Re: [exim] DKIM ed25519 signing issues

Page principale
Supprimer ce message
Répondre à ce message
Auteur: Phil Pennock
Date:  
À: Graham McAlister
CC: Exim-users
Sujet: Re: [exim] DKIM ed25519 signing issues
On 2020-03-04 at 09:06 +0000, Graham McAlister via Exim-users wrote:
> Has anyone successfully used Exim and DKIM with ed25519 keys? Any pointers?

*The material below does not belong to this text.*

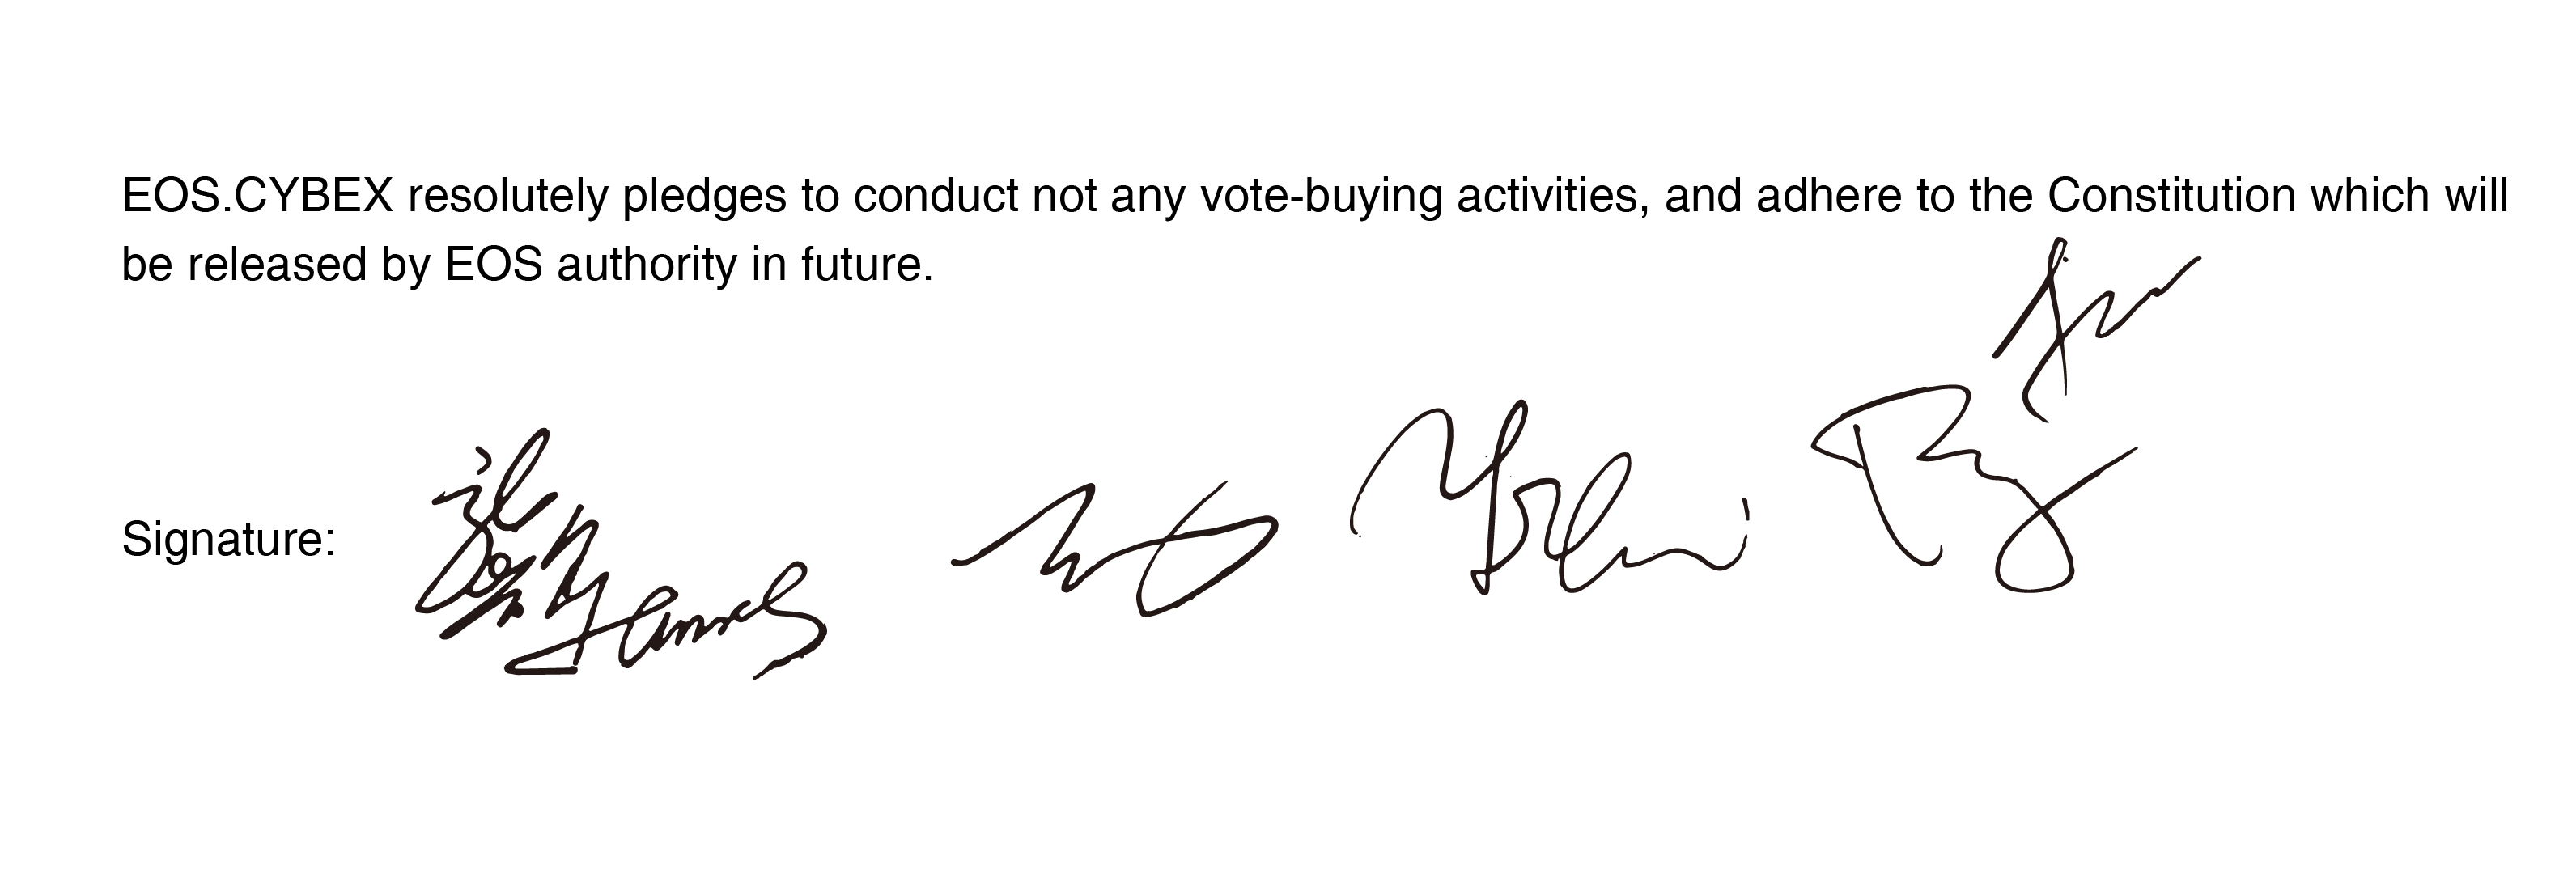 signature.png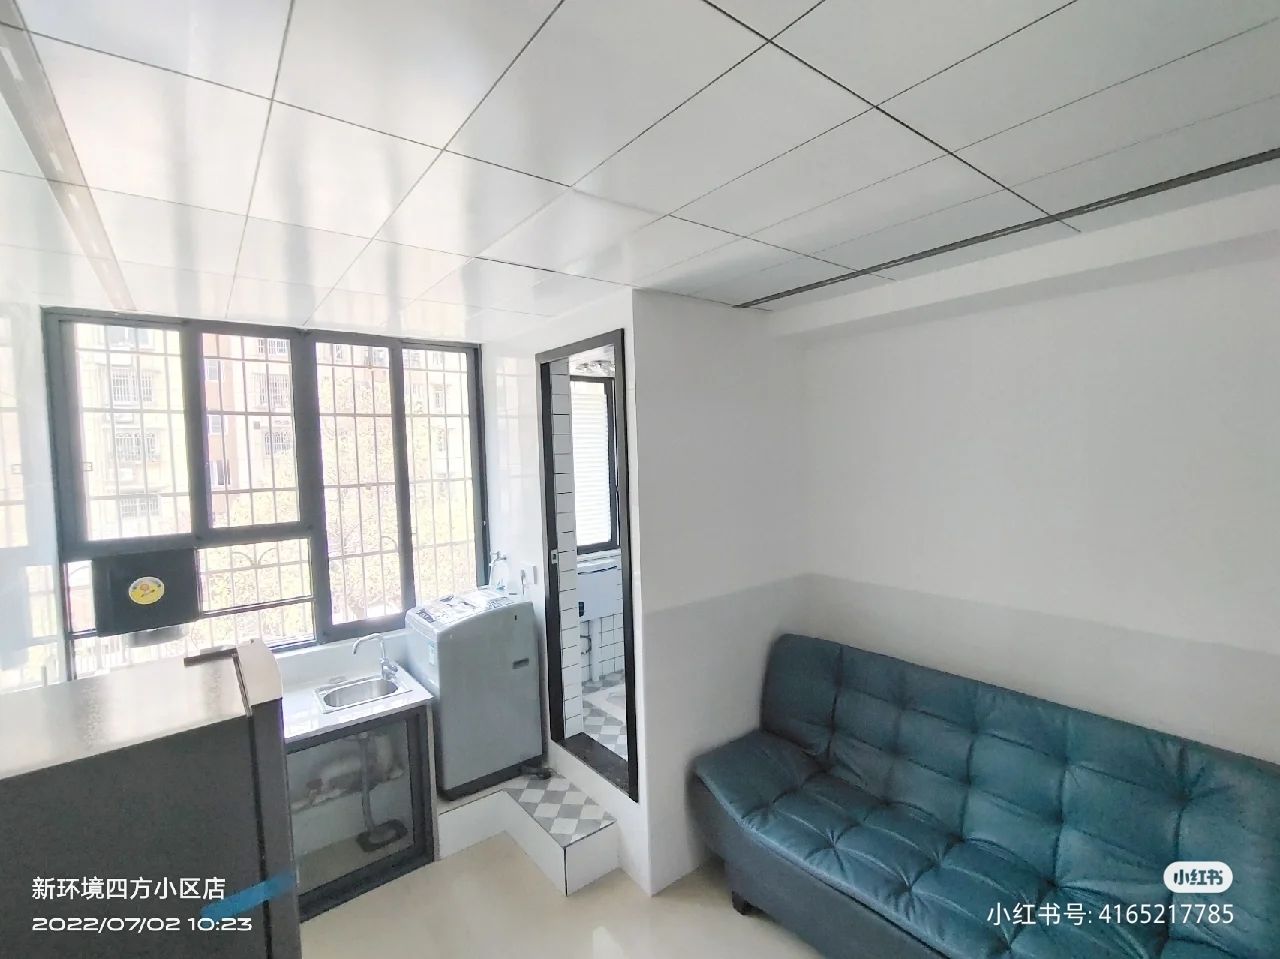 Changsha-Kaifu-Cozy Home,Clean&Comfy,No Gender Limit

Yes. I dual-sign. It's amusing to see all the status reports from
systems which don't implement Ed25519. At least most of them now will
accept seeing the RSA signature and accept it as good enough, so ignore
the failure from the Ed25519 side.

I've attached `/etc/exim/dk/Makefile` from my own mailhub; there's other
process flow to get the secrets safely stashed away, etc. A couple of
hard-coded paths you'll need to update: I doubt that
`OPENSSL:=/opt/openssl-1.1.1/bin/openssl` works for you.

Oh, it's a BSD Makefile. I don't think GNU make likes the `.for`
syntax. So unless you're on a BSD, this will at best provide you with a
crib source.

Running `make` will make the new RSA and Ed25519 keys for "this month".
I use dYYYYMM as the selector for RSA and dYYYYMMe2 as the selector for
Ed25519.

`make list-current` gets me the exact input I use for my DKIM selector
lookup input (it actually makes a CDB from this).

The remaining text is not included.